Bruce Arnott. Biggles. Bronze. 2010.

The exhibition, Bruce Murray Arnott: Into the Megatext curated by Sven Christian opened on 22 April 2023 at the Villa-Legodi Centre for Sculpture in Johannesburg. It provided the first comprehensive overview of Bruce’s life and work. The book, Bruce Murray Arnott: Into the Megatext edited by Bruce’s widow, Mari Lecanides-Arnott and Sven Christian was also released in 2023. With this publication Bruce’s influence as an artist, scholar, designer, curator, and educator is finally recognised and intuited through the work of many of South Africa’s leading contemporary scholars and practitioners in the visual arts.

Bruce Arnott. Levitator. Conjuria series. Bronze. 2010.

I am very pleased to announce that I will be showing a few of Bruce’s sculptures at the 2024 edition of the Investec Cape Town Art Fair.
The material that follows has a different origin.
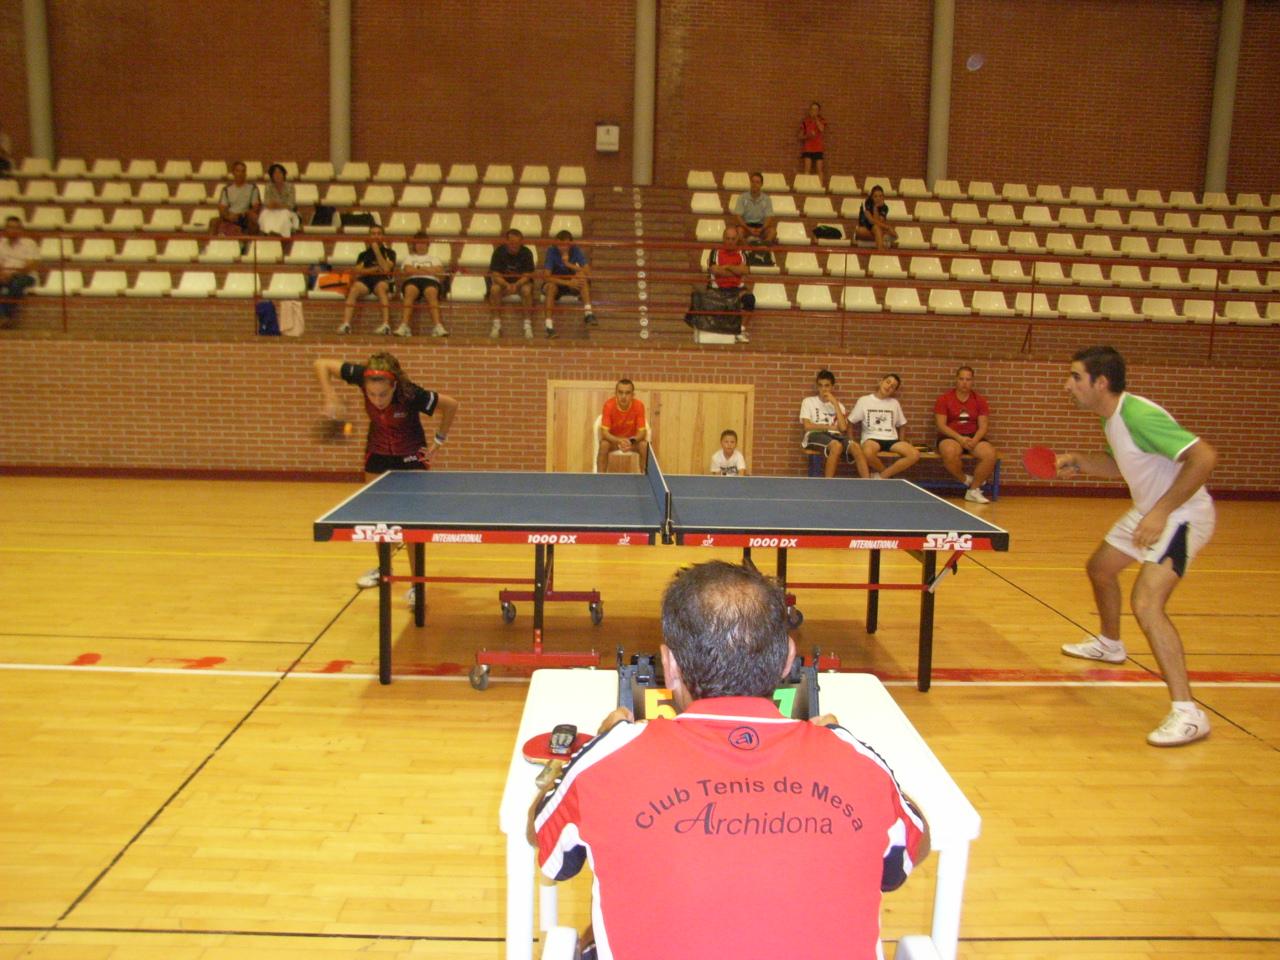 Patronato municipal deportivo de archidona torneo tenis de mesa - Torneo tenis de mesa ...

The exhibition at the art fair is presented by Legacy, and linked to the exhibition, Being/Present which is on view at the Gallery at Glen Carlou until 10 March.

Bruce Arnott. Aphrodite. Bronze. 2015.

I can never thank Peter enough for asking ME to find the maker of Icarus. I should also add that no dreams were dashed and no hopes were destroyed. For me it has been an ongoing journey of discovery and learning. Rest in peace, Bruce.

All images courtesy of Bruce Arnott Estate.